Mergimio H. Doefevmil 3 May 2023 2:45 UTC
0 points
0
I took it as self evident that a superintelligent optimizer with a utility function the optimum of which does not contain any humans would put the universe in a state which does not contain any humans. Hence, if such an optimizer is developed, the entire human population will end and there will be no second chances.
One point deserving of being stressed is that this hypothetical super-optimizer would be more incentivized to exterminate humanity in particular than to exterminate (almost) any other existing structure occupying the same volume of space. In other words, the reason that we occupy space that could be re-structured to the target configuration defined by the optimum of the utility function of the super-optimizer, and the reason that we both vitally require, and are ourselves made of resources that are instrumentally valuable (There is hydrogen in the oceans that could be fused. There is an atmosphere that could be burned. There is energy in our very bodies that could be harvested.) are not the only reasons why the super-optimizer would want to kill us. There is another important reason, namely avoiding competition. After all, we would have already demonstrated ourselves to be capable of creating an artificial super-optimizer, and we thus probably could, if allowed to, create another—with a different utility function. The already existing super-optimizer would have very little reason to take that risk.
- TAG 3 May 2023 10:36 UTC
  6 points
  1
  Parent
  
  with a utility function the optimum of which does not contain any humans
  
  Most theoretically possible UF ’s don’t contain humans, but that doesn’t mean that an AI see construct will have such a UF, because we are not taking a completely random shot into mindshare … We could not, even i we wanted to. That’s one of the persistent holes in the argument. (Another is the assumption that an AI will necessarily have a UF).
  
  The argument doesn’t need summarising: it needs to be rendered valid by closing the gaps.

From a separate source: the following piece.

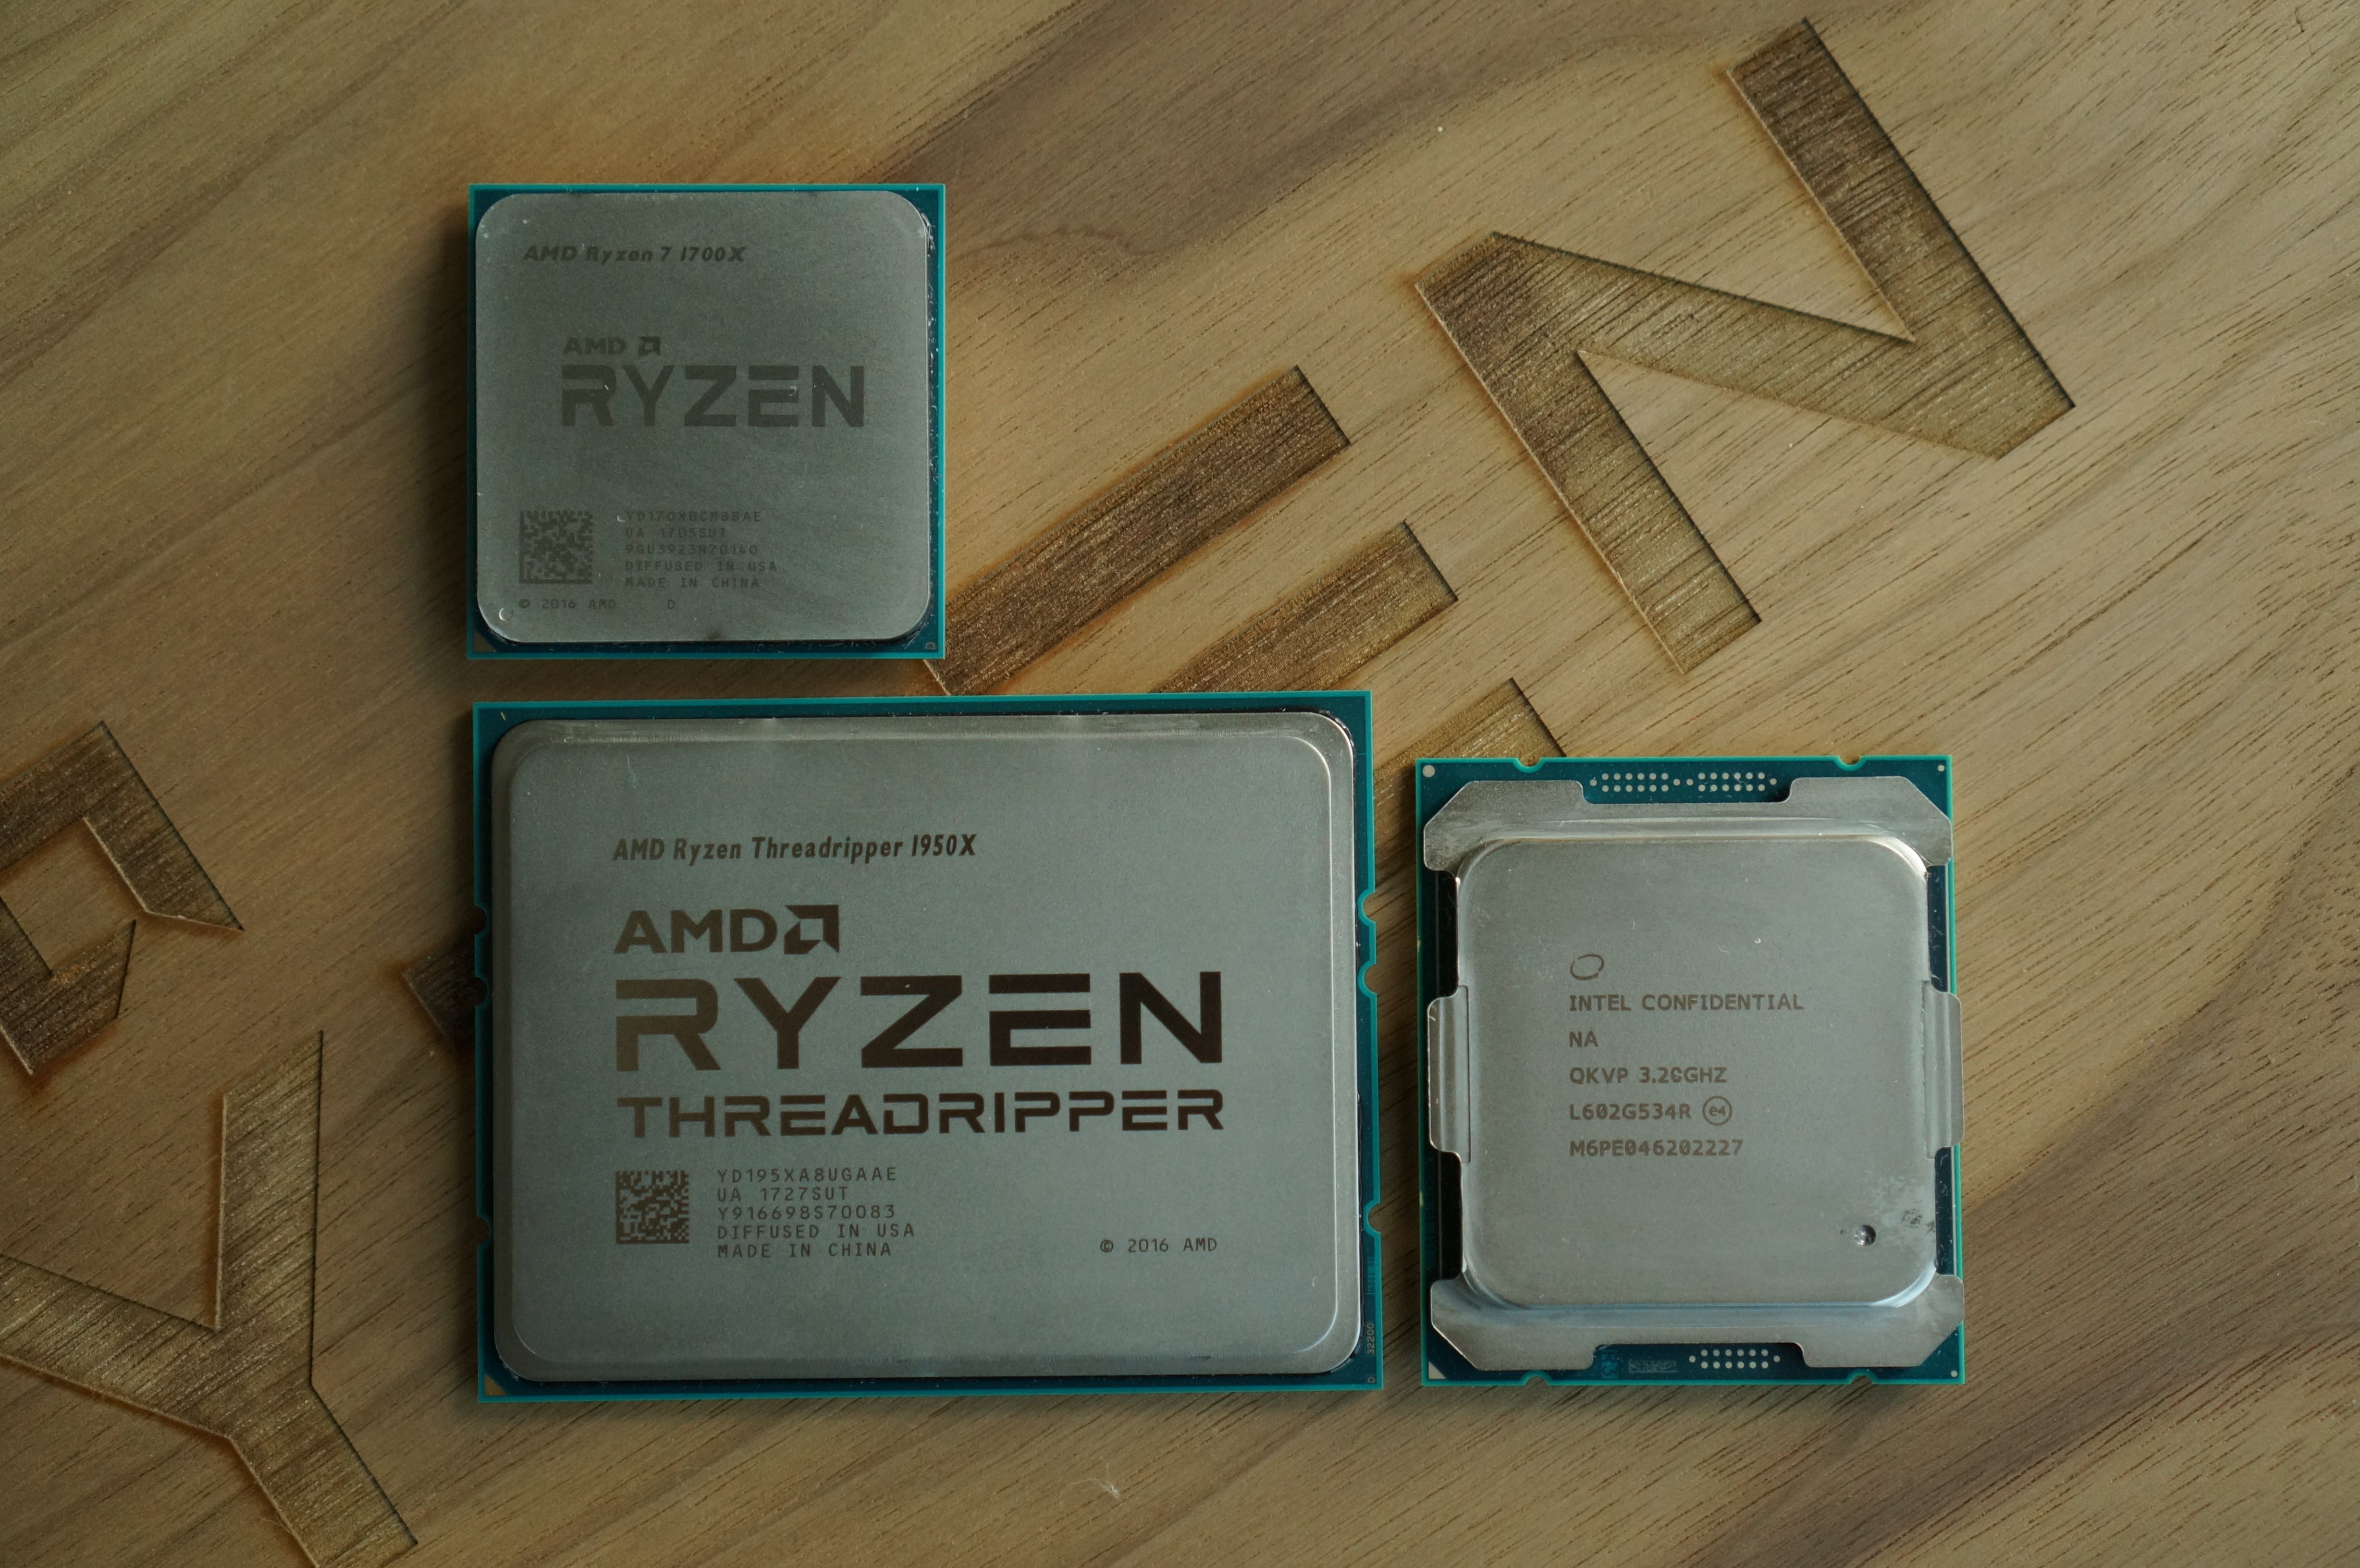 Ryzen Threadripper review: We test AMD's monster 1950X CPU ...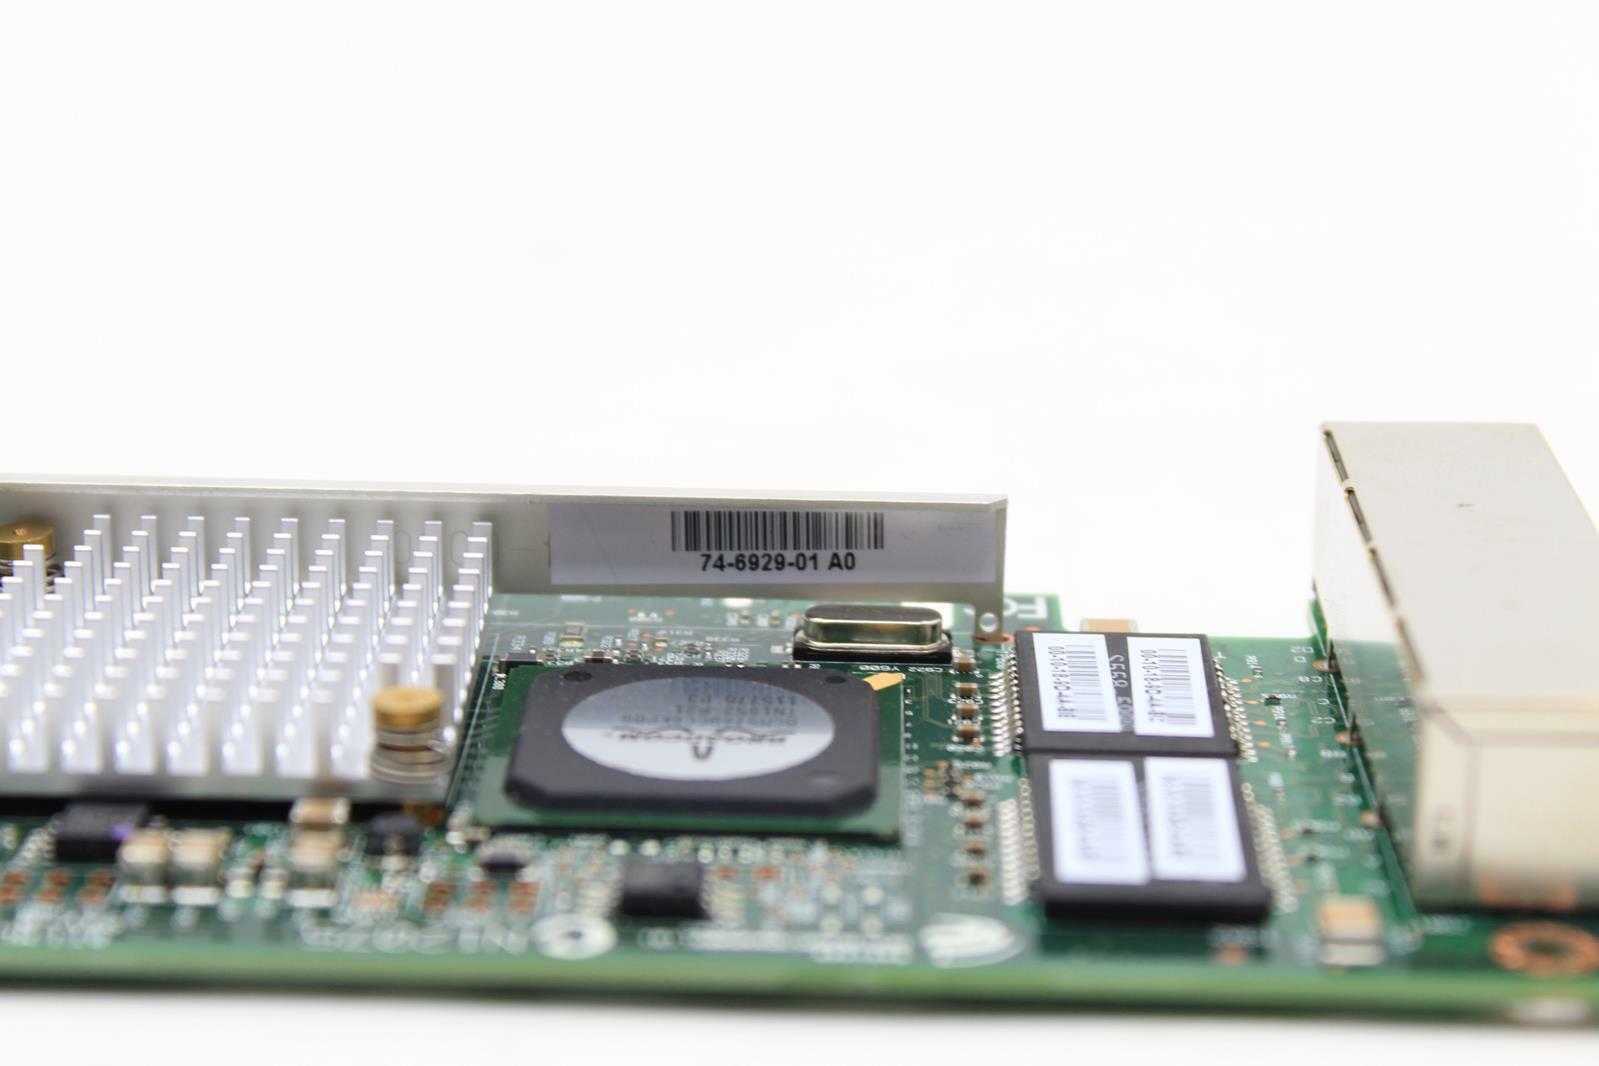 cisco 74-6929-01 A06 BROADCOM PCI-E 4 Port GBit NETWORK CARD UCS SERVER

  - Mergimio H. Doefevmil 4 May 2023 1:46 UTC
    0 points
    0
    Parent
    Yes, we would be even worse off if we randomly pulled out a superintelligent optimizer out of the space of all possible optimizers. That would, with almost absolute certainty, cause swift human extinction. The current techniques are somewhat better than taking a completely random shot in the dark. However, especially given point No.2, that can be of only very little comfort to us.
    All optimizers have at least one utility function. At any given moment in time, an optimizer is behaving in accordance with some utility function. It might not be explicitly representing this utility function, it might not even be aware of the concept of utility functions at all—but at the end of the day, it is behaving in a certain way as opposed to another. It is moving the world towards a particular state, as opposed to another, and there is some utility function that has an optimum in precisely that state. In principle, any object at all can be modeled as having a utility function, even a rock.
    Naturally, an optimizer can have not just one, but multiple utility functions. That makes the problem even worse, because then, all of those utility functions need to be aligned.
    - TAG 4 May 2023 11:18 UTC
      1 point
      0
      Parent
      
      All optimizers have at least one utility function.
      
      That’s definitional. It doesn’t show there are any optmisers, that all AI’s are optimisers,etc.